いとこ「パット、近所の友達から、靴を履いてない男があなたのところへの道順
を聞いてきたけども大丈夫かと電話があったんだ。ちょっと変わり者の
いとこが今日来ることになってるけどもと言うと、でも靴下だけで歩い
てる男だけどもほんとに大丈夫かと聞いてきたので、たぶんと答えてお
いたよ。でもいったいその格好は何だい」
パットさんの本職は船大工さんです。ヨットの内装をしたり修理をしたり、チームを組めば新しいヨットだって造れます。その彼が日本に来て何が気に入ったかというと、日本の大工の定番、地下足袋です。地下足袋は靴と違って足の裏の感覚がそのまま足に伝わります。船のデッキの上での修理だって、普通の家の屋根の上でも滑りにくいし、非常に使いやすいのです。彼に限らず、日本でログハウスを建てにきた大工さんなどが必ず買って帰るものは地下足袋です。フロリダでも、履きやすいのでパットさんは地下足袋を愛用していたのです。
パット「その格好って、何?」
いとこ「その格好だよ、何で靴を履かないの?」
パット「これは靴の一種で、日本では大工が愛用してるものなんだ。
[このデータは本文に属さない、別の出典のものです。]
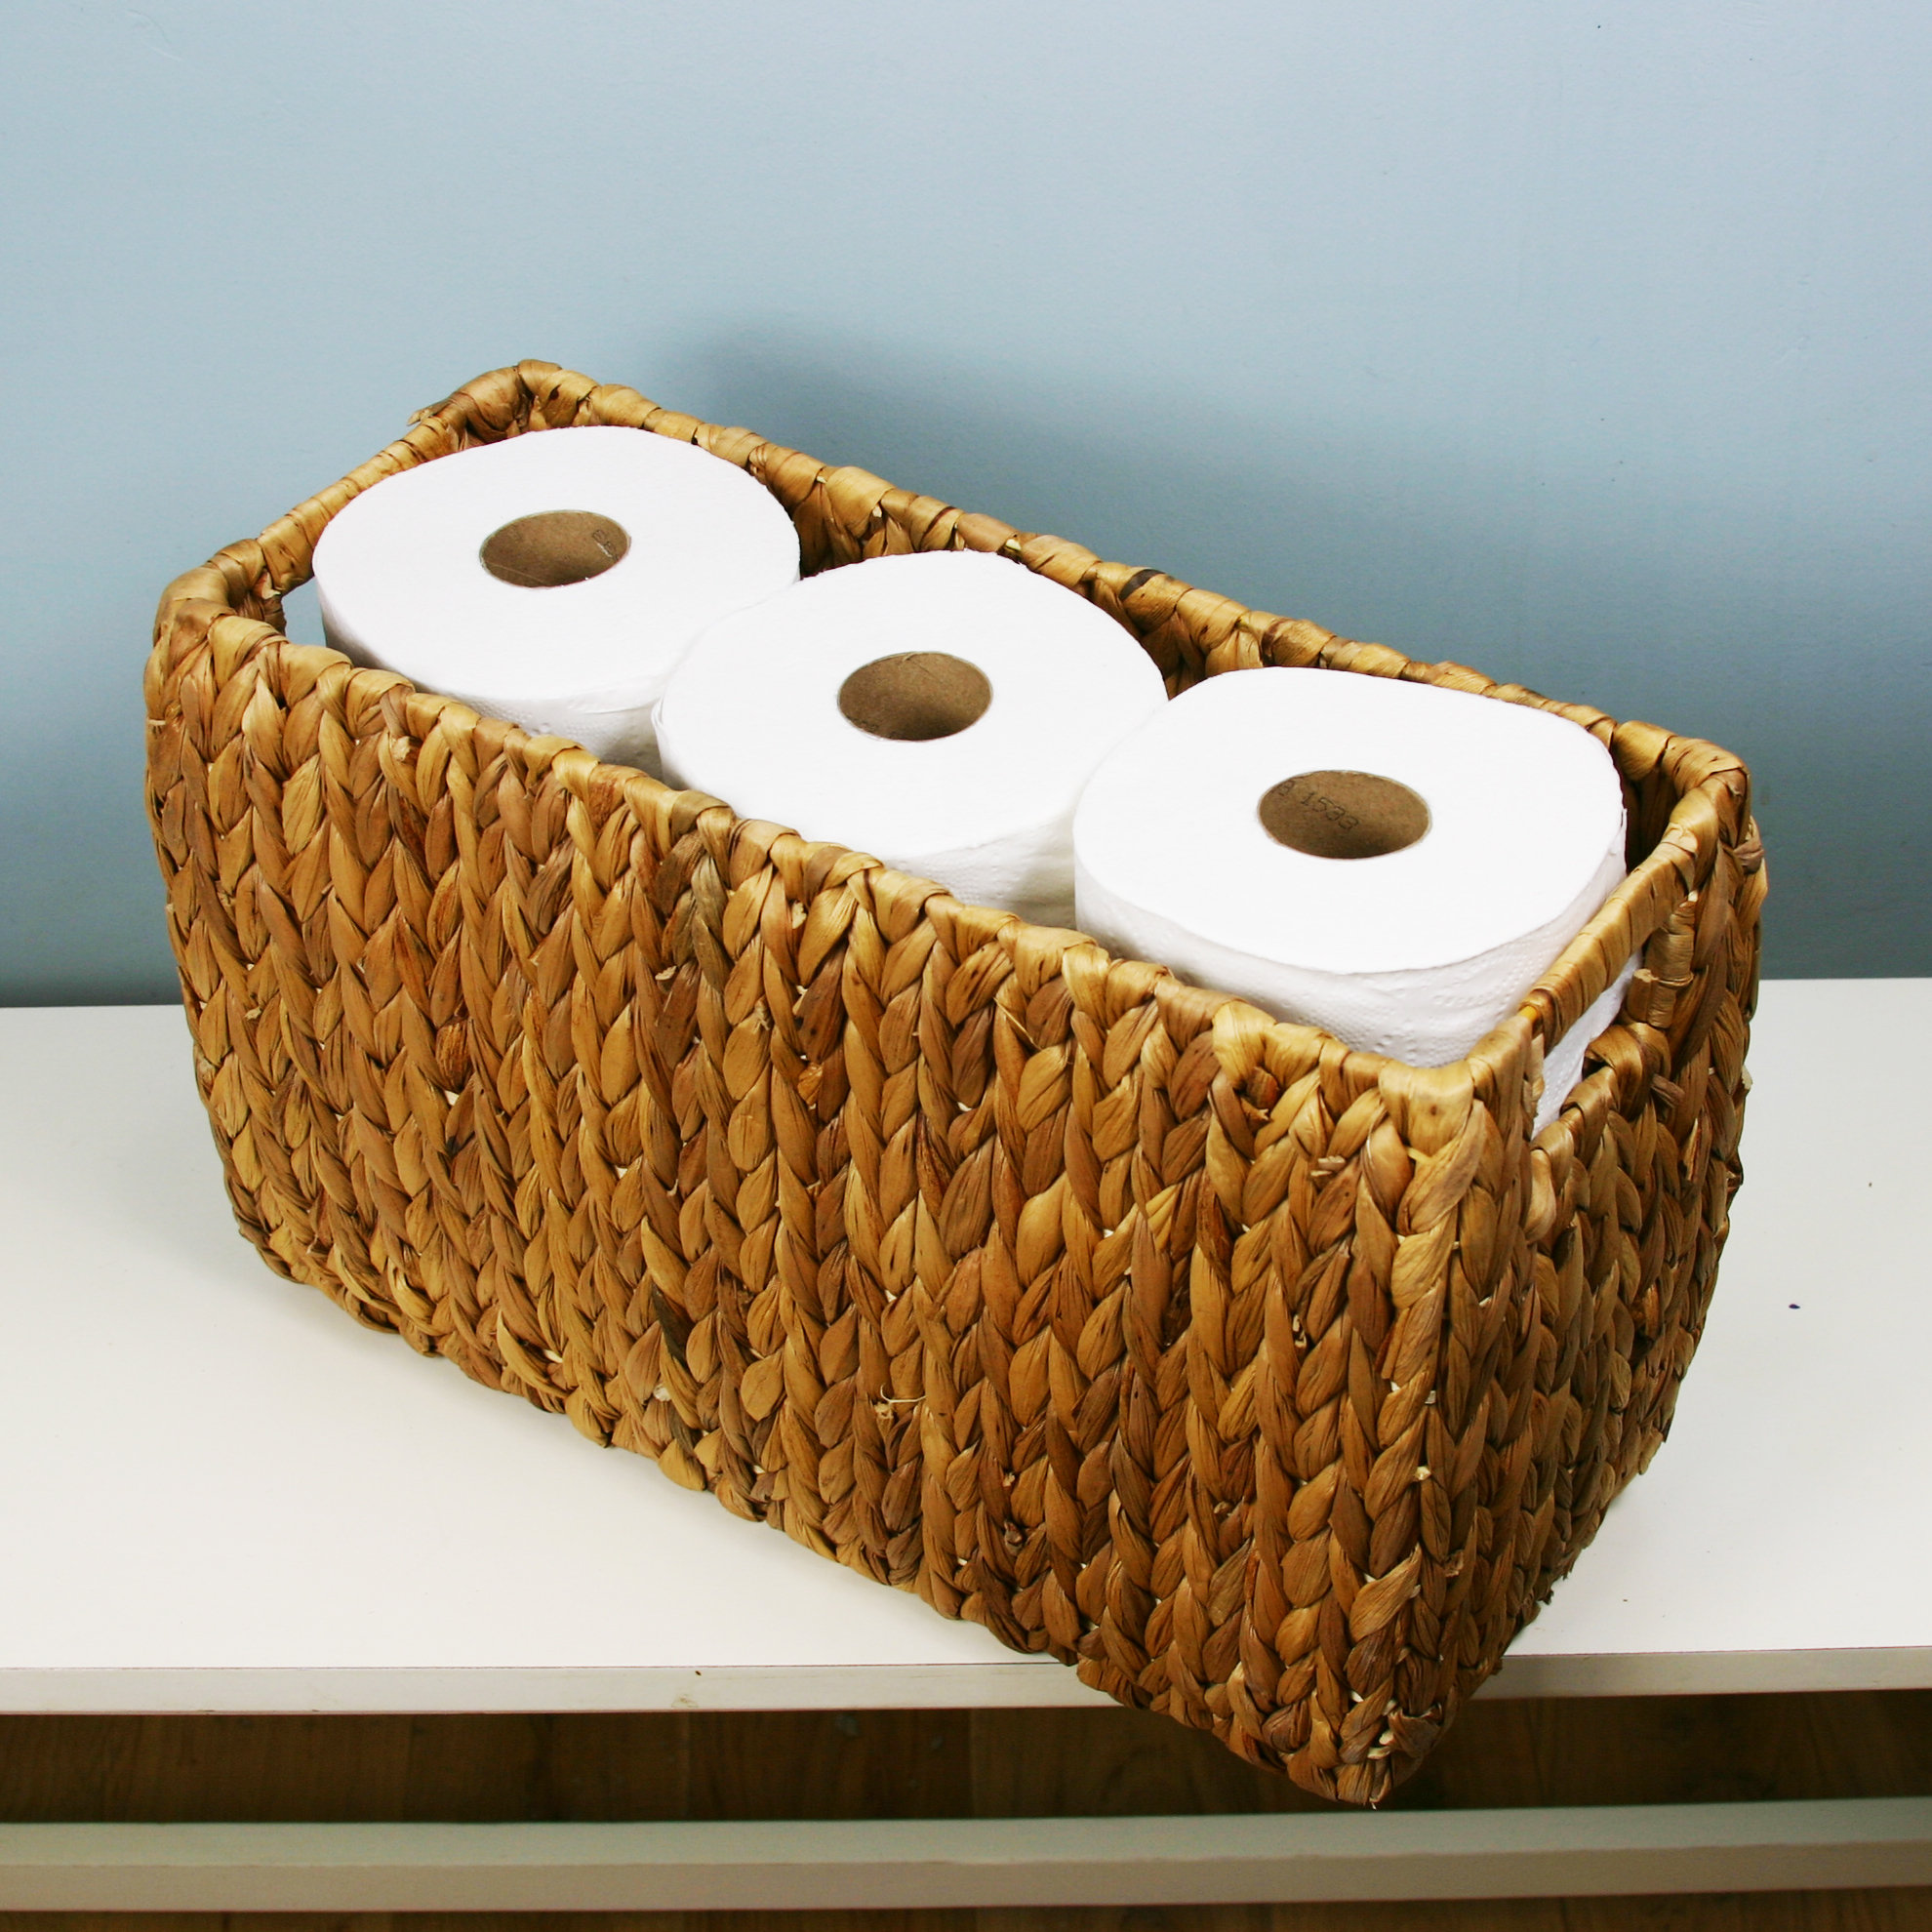 https://assets.wfcdn.com/im/89580046/compr-r85/2260/226086170/aviya-hyacinth-storage-basket-holds-6-rolls-of-toilet-paper.jpg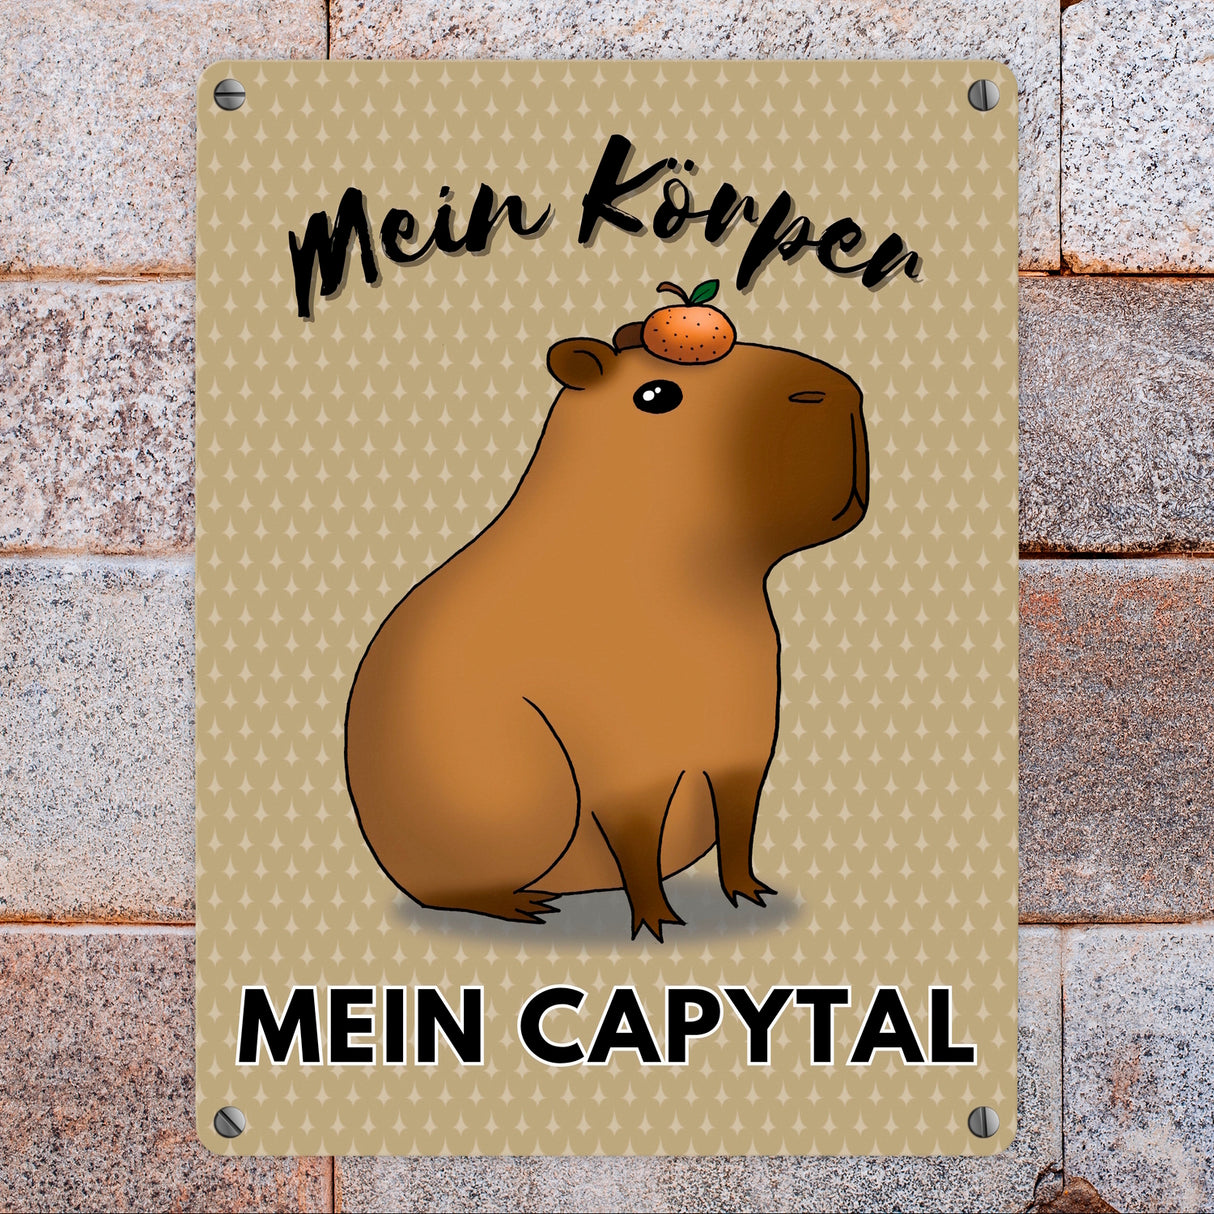 Mein Körper mein Capytal Metallschild in 15x20 cm mit niedlichem Capybara

屋根に上が
っても滑らないし、はだしで歩いてるくらい地面の感覚が足の裏に伝わ
って非常に使いやすいんで、日本に行った連中、おみやげに買って帰る
ことが多いんだよ」
いとこ「でもどう見たって靴を履いてるようには見えないよ」
その日一日、地下足袋の話でいとこの家は盛り上がったそうです。